In Erlang/OTP 27, +0.0 will no longer be exactly equal to -0.0

jhogberg · May 11, 2023, 6:22am

This seems to have blown up elsewhere on the internet (hi Hacker News!) and a lot of people misunderstand what this change means. Since I can’t reply everywhere I’ll try to explain it here in a manner that hopefully makes more sense for people who are unfamiliar with Erlang:

Like Prolog before us we only have one data type, terms. This means that the language is practically untyped. There are only terms and while you can certainly categorize them if you wish, there are no types in the sense most people use that term.

Functions have a domain over which terms they operate, and going outside their domain results in an exception that’s often analogous to a type error (for example trying to add a list to an integer) which can be mistaken for having traditional types. To make things more confusing, we have functions that can tell you which pre-defined category a term belongs to, like is_atom returning true for all terms that are in the atom space and false for all terms outside of it.

This mixup is so prevalent that even our documentation refers to these pre-defined categories as “types” despite them being nothing more than value spaces, but it’s important to remember that at the end of the day we only have one data type, and that many functions are defined for all terms.

The arithmetic equality operator (==) returns whether two terms are considered arithmetically equal (for clarity it’s defined for all combinations of terms). Primitive non-numeric terms are simply checked for identity, compound terms are compared recursively, and any numeric terms (floats and integers) are compared according to the rules listed in the documentation. This operator will remain unchanged in the future and 0.0 == -0.0 will continue to hold.

This operator covers just about all common uses, but is not enough for code that needs to reason about terms in the general sense, for example sets, memoization, or other things you would use generics for in another language.

For that we have the exact equality operator (=:=) which returns whether two terms are indistinguishable. That is for any terms X and Y, X =:= Y returns whether f(X) =:= f(Y) for all pure functions f.

Since there exists several f that distinguish f(0.0) from f(-0.0), we either have to conclude that those functions are broken (where does that leave copysign?) or say that 0.0 =:= -0.0 should not return true.

We could make it consistent by removing all the things that let us observe the difference, but that removes functionality that people rely on so it’s not much of an option. So what we’ve done so far is to try to sweep these differences deep under the rug and hoping no one notices, one small patch at a time.
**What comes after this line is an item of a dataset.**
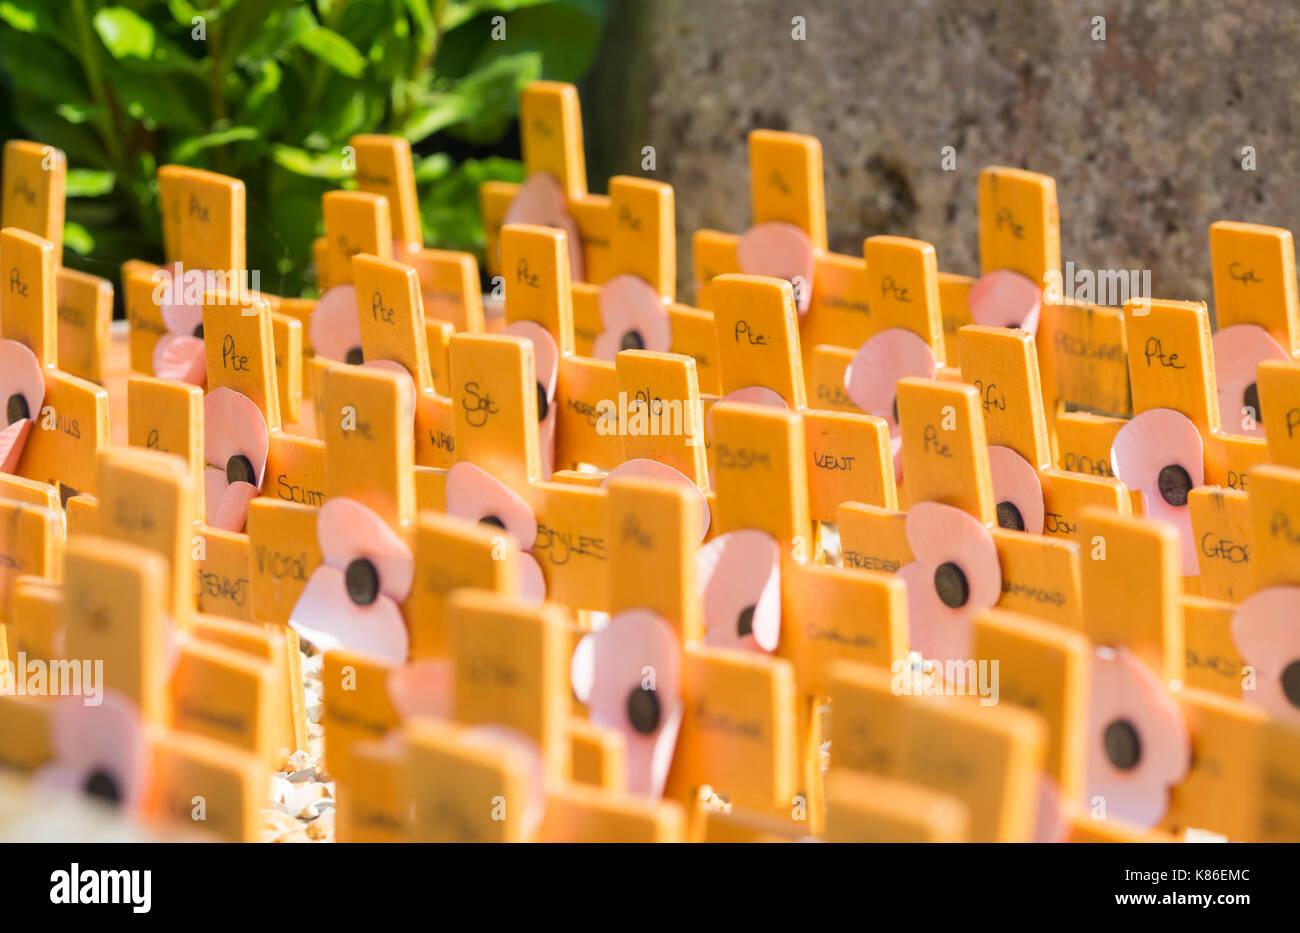 Traverse pour représenter ceux qui sont morts à la guerre, par le monument aux morts à Arundel, West Sussex, Angleterre, Royaume-Uni. Photo Stock

Since we’ve never exposed copysign or the other IEEE functions that allow you to observe the sign of zero, it has kind-of-sort-of worked as long as people stayed entirely within Erlang-land. Unfortunately with the rising popularity of GPGPU in general and the Nx library in particular, this bug has been rearing its ugly head with increasing regularity.
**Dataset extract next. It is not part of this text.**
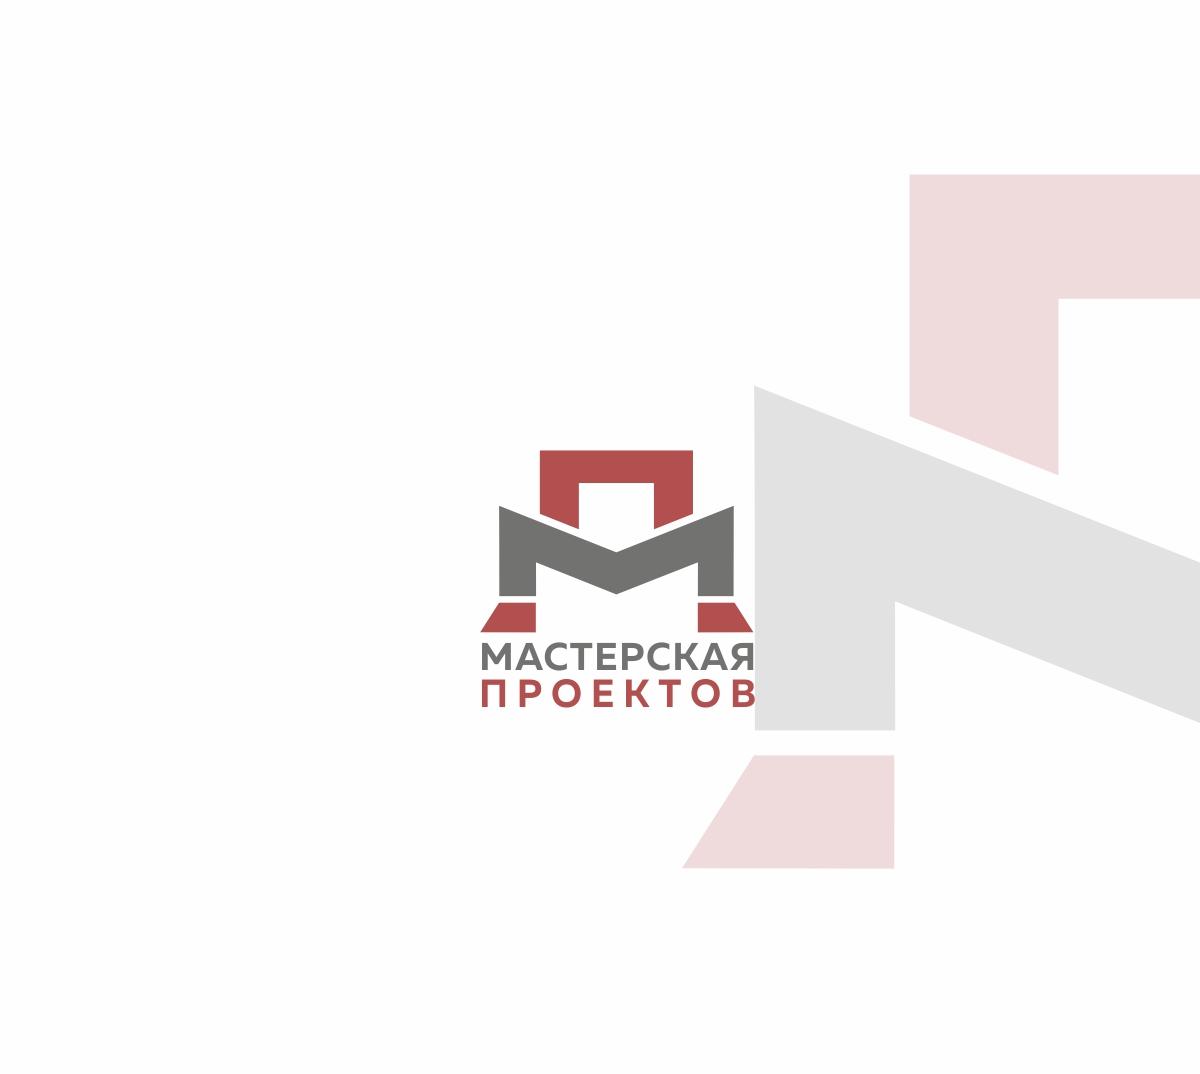 Разработка логотипа строительно-мебельного проекта (см. опис фото f_196606c58ad6ce79.jpg

Not only because the compiler flubs the constants 0.0 and -0.0 like in the examples earlier in the thread, but because application code does the same. If you want to memoize the result of the aforementioned f(0.0) it will be confused with f(-0.0) unless you invoke some arcane nonsense to keep them apart.
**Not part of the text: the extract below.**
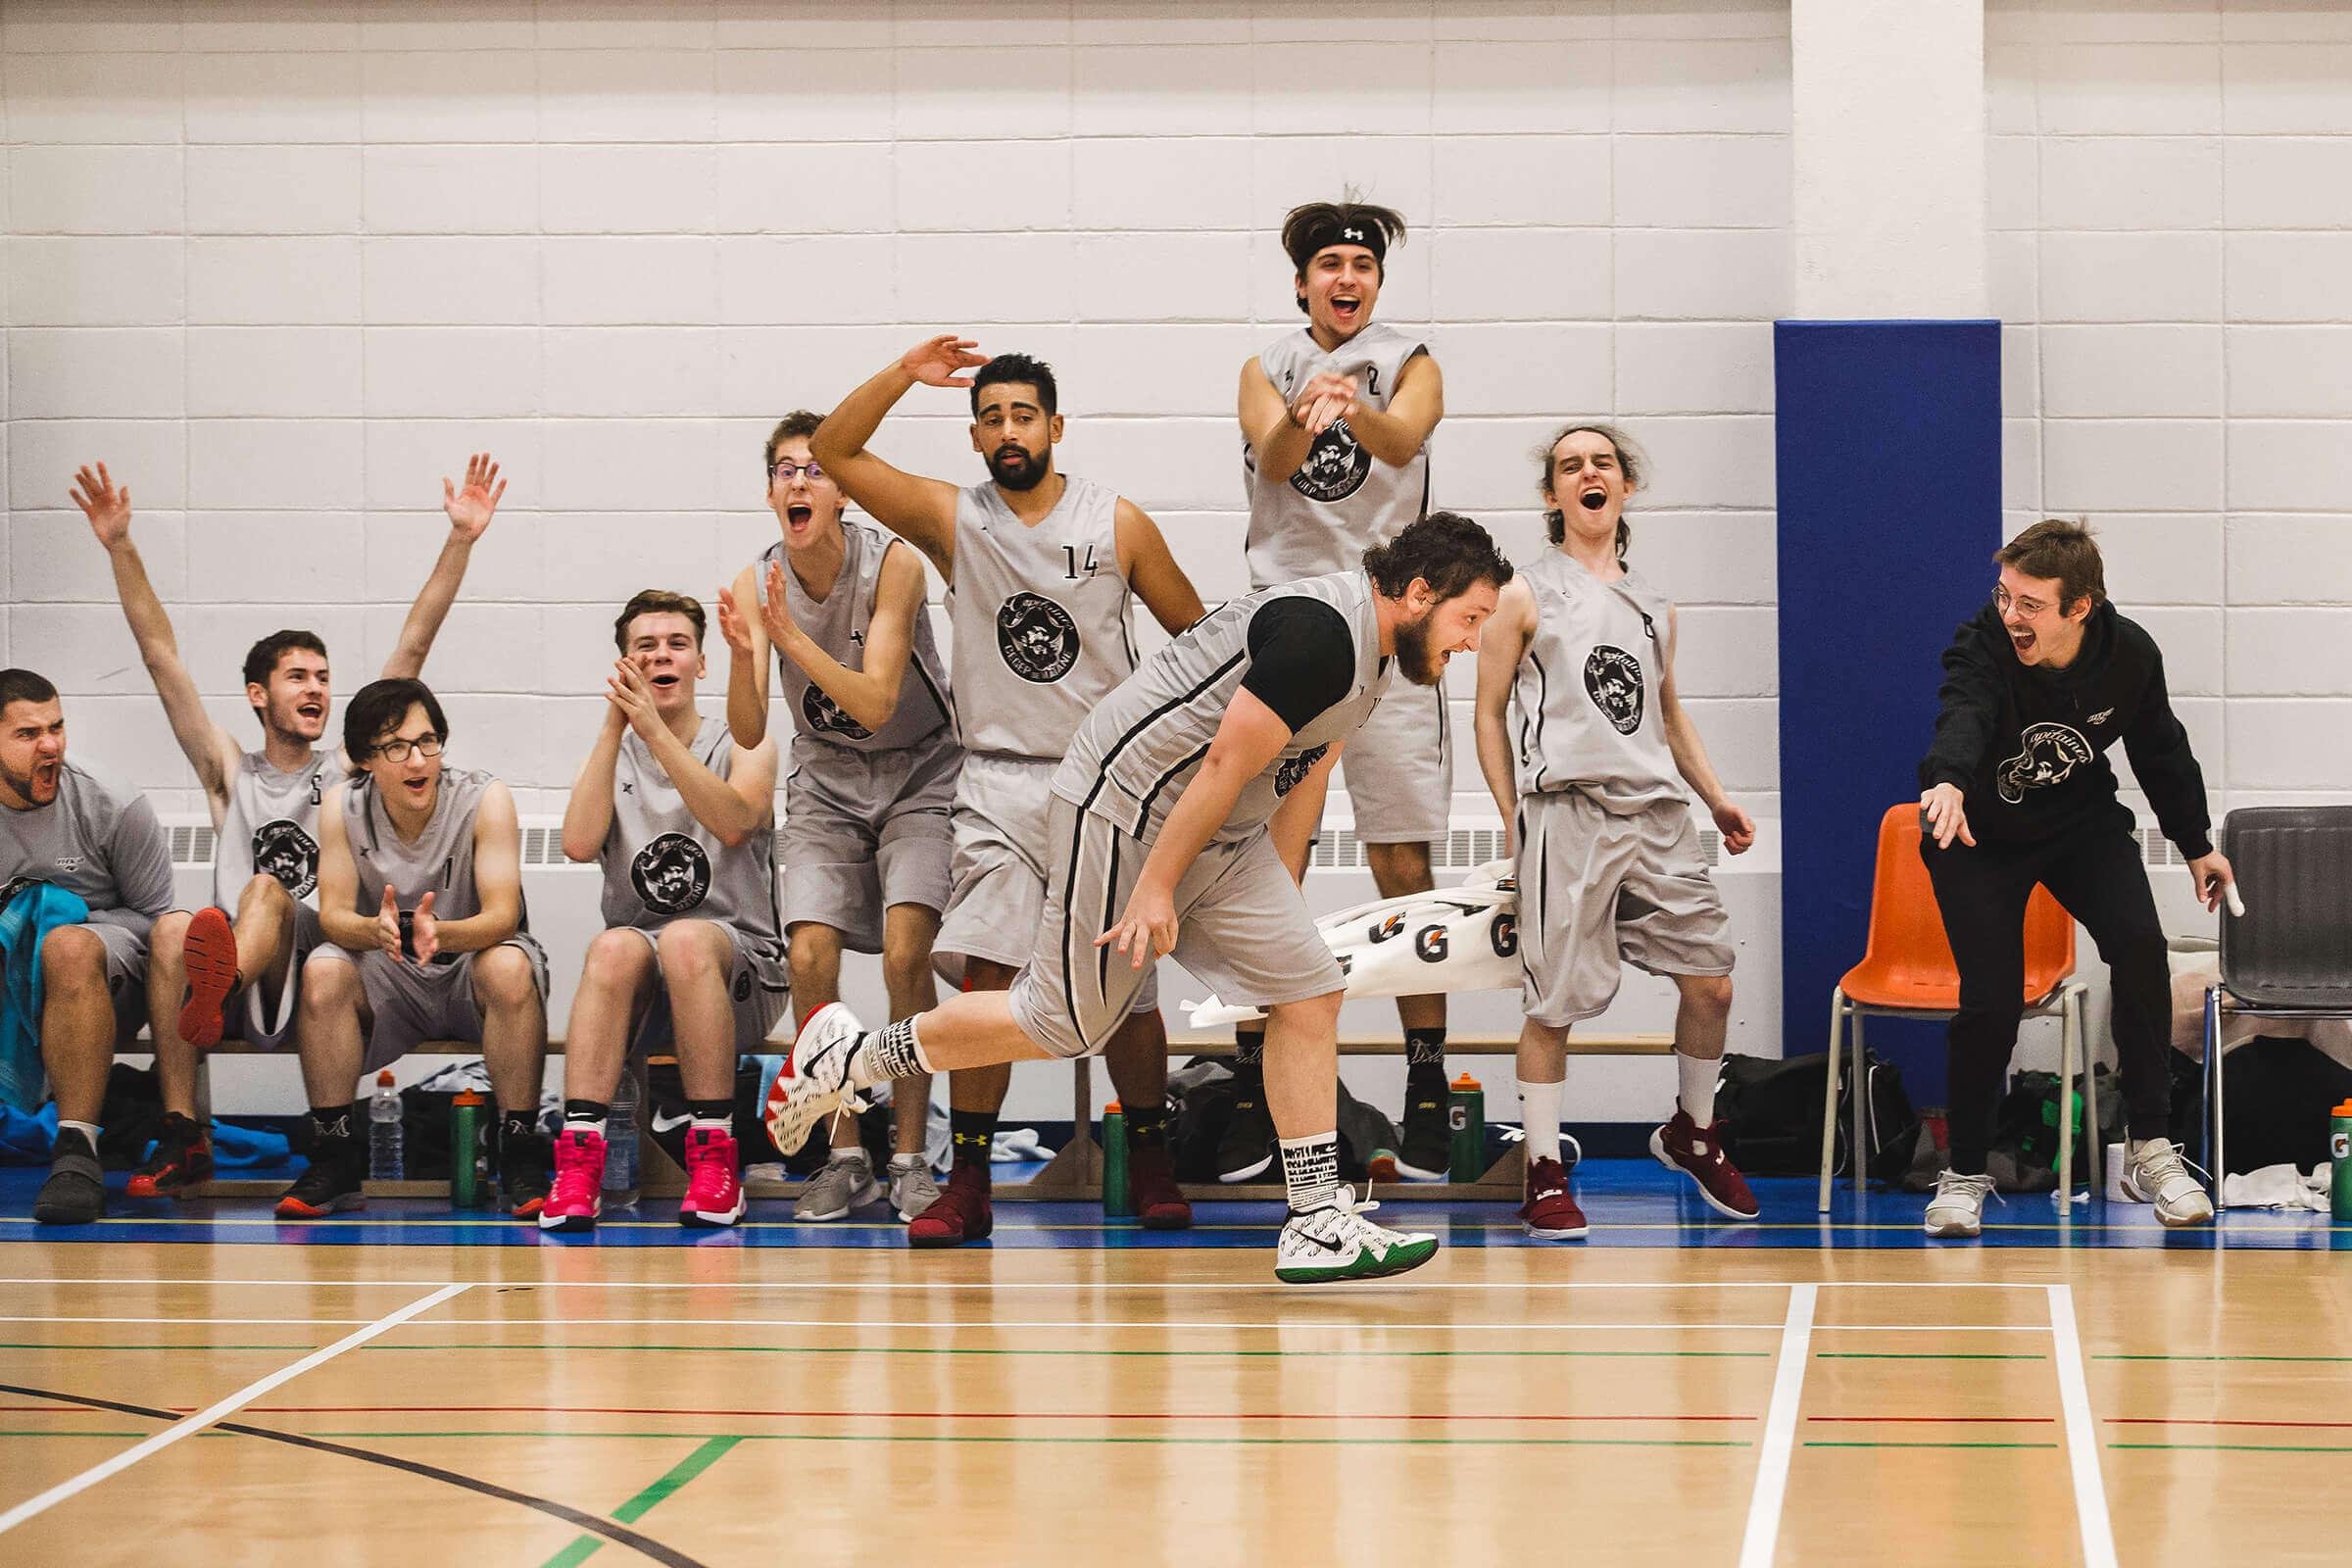 Équipe de Basketball Les Capitaines en action

The compiler is just where this bug is most visible. While we can certainly try to make the compiler distinguish between these values at all times there’s nothing we can do for application code, hence our attempt at breaking backwards compatibility. If it fails we’re most likely going to have to throw in the towel on this bug.

Yes.

The compiler will raise a warning whenever 0.0 is used in this manner, so our hope is that it will not be too difficult to find where to change the code.

Yes, we’ll look into it.